Whitney, June 28, 2013.

IMG_1906When the elevator opens on the third floor, there is a big stripe across the wall.  Except no, there isn’t a stripe on the wall, people are walking up to, and under, the stripe, and it isn’t a painting, people are in the painting, and it’s not a painting.  The last piece I saw that I loved like that was a bunch of string strung, and it made my eyes go crazy confused.  This was better.  You could complain that conceptual art or installation art can be a lot of bullshit (it can be), but to get the feeling, for a second, that the world is bigger and too complex for your eyes, that was a second of freedom.

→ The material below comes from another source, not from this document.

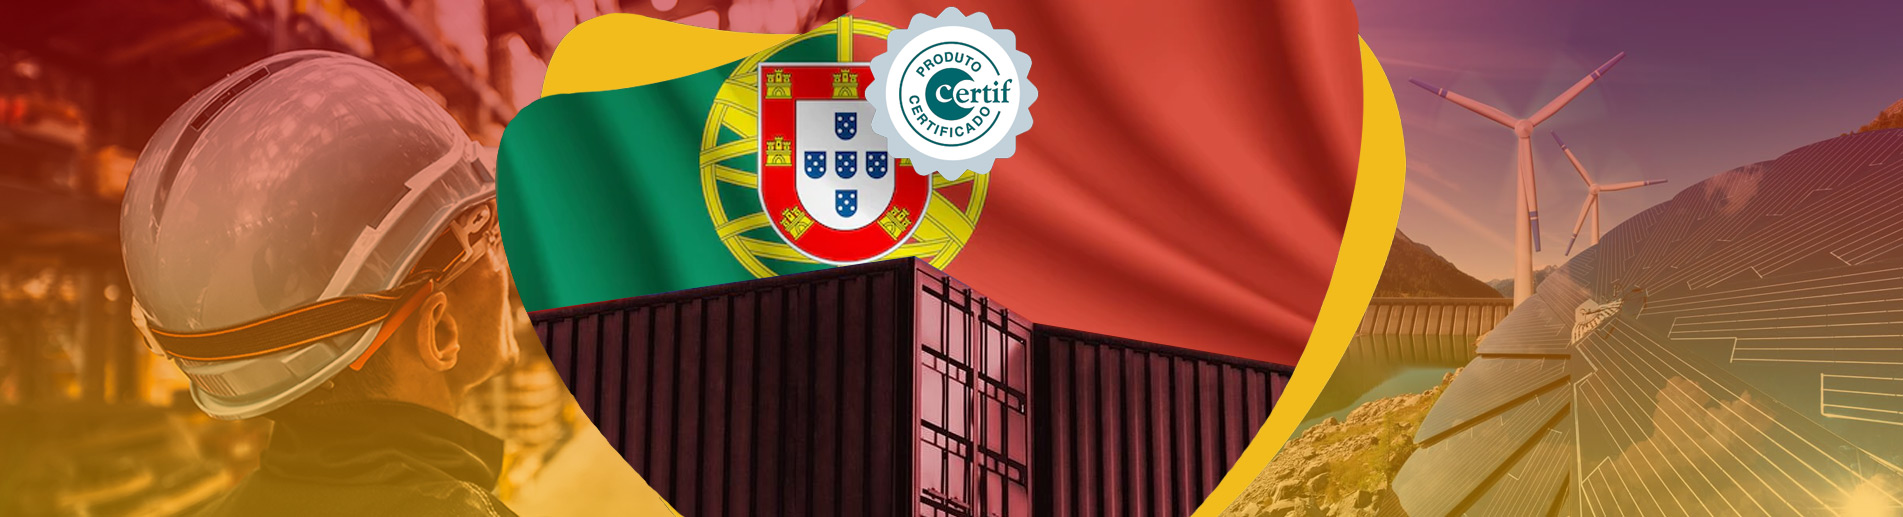 CERTIF Belgeleri Portekiz Sertifikasyon

As are the four or five Arthur Dove pieces they had up, I can only assume because they knew I was coming.  One is an assemblage of an art critic, a cutout guy on roller skates with a vacuum cleaner.  And that is why I don’t want to be an art critic.  Maybe I’m an art responder, and not a first responder, because I am not timely, but a far down the road responder.  If I don’t have anything nice to say, I’m not saying it, and that’s just the way it is.


They have a whole floor devoted to Edward Hopper.  I guess they could fill the whole museum with him.  (Aside: the Whitney is moving, as all the museums in New York seem to be, and it’s awful, and I hate it, like I hate all change, but seriously, I initially hated their weird building, but now I find it cozy.)  Hopper is about loneliness, and I am, much more than usual, alone.  His people are creepy.  In the basement, where I was hoping to get some food, a lady was giving a lecture about lighting.  She was actually lighting a person sitting in a chair on a riser, using different colors, to match the lighting in various Hopper paintings.  I could think of few things more boring, or tasks I would be less suited to.  The color of light?  Who can see that?  The people sitting in rapt attention must have been lighting designers, all, and have about as much in common with them as I have with Russian runway models.  A couple of people, including myself, sat in the back using that area to play with our electronic devices.  The lady made a youngish woman with beet red hair look like a horrifyingly unnatural Hopper subject.


Hopper’s drawings were great, especially the ones of buildings.  The best, though, was the empty yellow room.  He didn’t make people look like corpses, or floating colored ghosts, he just showed what an empty room looks like, and what real light doesn’t look like, but how you sometimes feel it looks.